Crítica: “Renfield – Dando Sangue pelo Chefe”

Pense na inconcebível ideia de ter nascido / sido abandonado e crescido sozinho em uma selva ou ilha deserta (sem um bando de animais bacanas que lhe dessem o necessário, ou mesmo uma bola de vôlei com expressão amigável para lhe fazer companhia).

Essas, talvez fossem as únicas maneiras de nunca ter feito parte de alguma história marcante – para o bem ou para mal – envolvendo relações familiares, amorosas ou profissionais, afinal, parentes inconvenientes, parceiros ingratos e líderes que querem tirar até a última gota de sangue nossos corpos não são tão raros assim.

A trama de “Renfield – Dando Sangue pelo Chefe” (Renfield) trata, da maneira mais absurda, sanguinolenta e bem humorada possível, justamente do relacionamento de trabalho – iniciado na Transilvânia, em 1897, através do lançamento da obra-prima de Bram Stoker -, que liga o protagonista a um patrão que faria o próprio Narciso (ícone do exacerbado amor-próprio da Mitologia Grega) cobrir o rosto de vergonha.

Passada em Nova Orleans, em dias atuais, a narrativa nos apresenta o ex-corretor de imóveis, Robert Montague Renfield (Nicholas Hunt), como um tímido integrante de um grupo de ajuda, cujas reuniões semanais em uma igreja visam fazer com que seus membros passem a enxergar o quão prejudiciais certos vínculos são em suas vidas.

Durante os encontros, enquanto ouve aquele tipo de conselho amplamente divulgado em livros de coaching e pôsteres com imagens de animaizinhos fofos, Renfield segue realizando a função para a qual foi designada há séculos: ser um “familiar” (espécie de servo que realiza, principalmente, tarefas consideradas perigosas para um vampiro, como sair em plena luz do dia, em busca de vítimas, ou do que for preciso para suprir quaisquer que sejam suas necessidades).

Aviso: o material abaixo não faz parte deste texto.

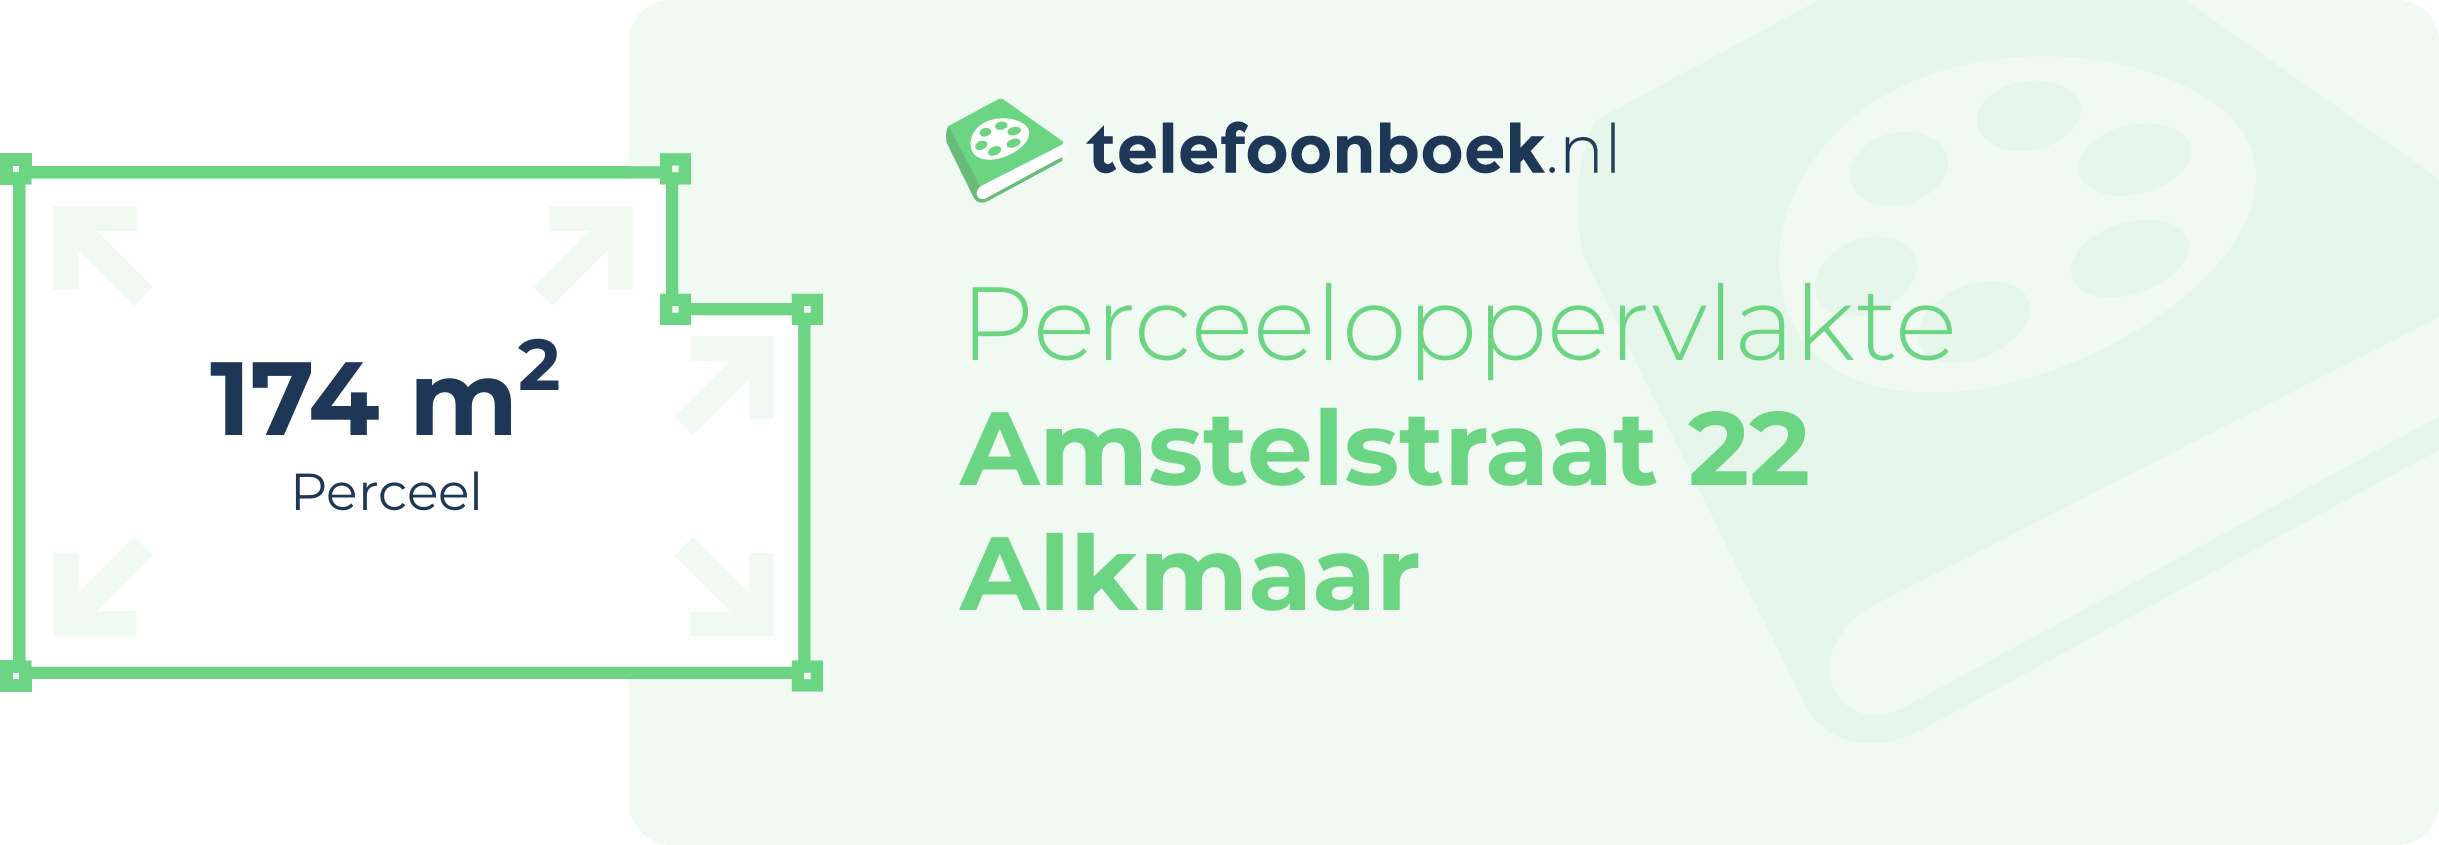 Perceeloppervlakte Amstelstraat 22 Alkmaar
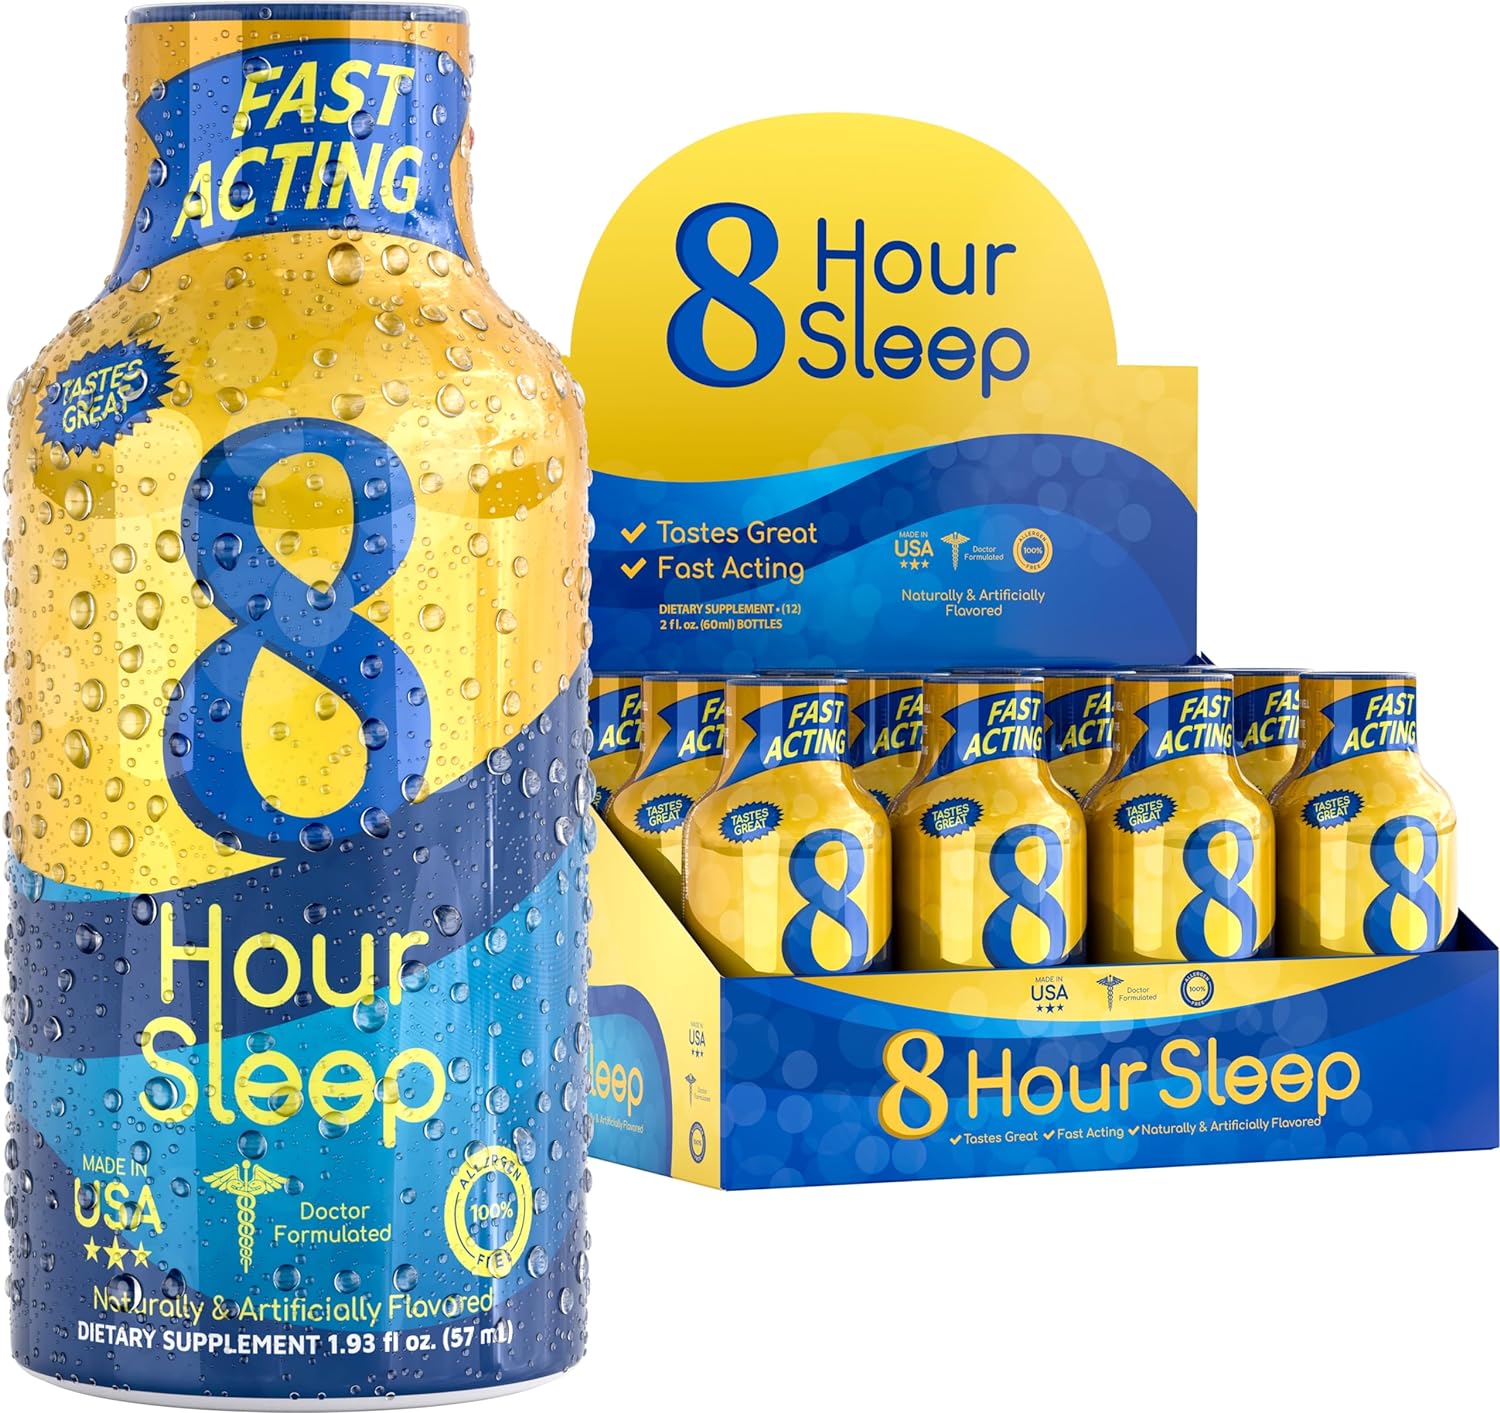 Vitamin Energy 8-Hour Sleep Drink Shots, Natural Berry Flavor, 1.93 Fl Oz, 12 Count

Sim, há claras vantagens com a situação: como tornar-se um mortal muito mais resistente a ferimentos – quase, mas não um imortal de verdade – além de ser portador de uma força extrema, vinda da energia vital de insetos comuns (nojento, mas funcional).

Mas, ele está cansado da rotina de servidão e de sofrer com aquele tratamento típico aplicado por quem sabe estar acima da pirâmide social, por isso, decide livrar-se dos grilhões emocionais que o prendem ao chefe. Quem é seu empregador? Sim, ele mesmo: o mais celebrado / temido / revisitado vampiro da literatura clássica: o (não tão) bom e velho, Conde Drácula (Nicolas Cage).

Tal conflito de interesses se amplifica quando Renfield, em questão de dias, passa de herói anônimo a assassino procurado. É quando a participação da prestativa policial Rebecca Quincy (Awkwafina) acrescenta ainda mais graça e qualidade ao roteiro de Ryan Ridley e Robert Kirkman, que não têm o menor pudor em criar situações que riem da cara dos limites e brindam os espectadores com lutas envolvendo muito sangue e membros de corpos usados como improváveis (mas bem úteis) armas – o que contribui para sua classificação indicativa para espectadores a partir de 18 anos, no Brasil.

Para dar liga a essa receita maluca, acrescente a ação de uma perigosa gangue de narcotraficantes, liderada por Bellafrancesca (Shohreh Aghdashloo) e Tedward Lobo (Ben Schwartz), mãe e filho que tratam com assustadora naturalidade o fato da corrupção ser quase palpável nas ruas.

“Renfield – Dando Sangue pelo Chefe” é mirabolante, surpreendente e mais divertido do que eu esperava. Dirigido por Chris McKay, o longa reconhece seus pontos fortes logo de cara, inclusive ao fazer piadinhas que poderiam não ter a mesma graça em outros cenários, mas que parecem perfeitas quando ditas pelo elenco tão afinado da produção.

Destaque para a excepcional sequência de abertura e para detalhes cenográficos – como um simples capacho de porta de entrada, o nome da gangue de criminosos (que faz todo sentido para os fãs da literatura clássica de terror) e a sabedoria da escolha da música que toca durante os créditos finais,  composta em 1990, e que se encaixa como um formidável resumo do que espera Renfield daqui por diante.

Haverá continuação? Não sei. História para isso, claramente tem, afinal, em se tratando de vampiros e toda sua rica mitologia, a eternidade é só uma questão de tempo.

por Angela Debellis

*Texto originalmente publicado no site A Toupeira.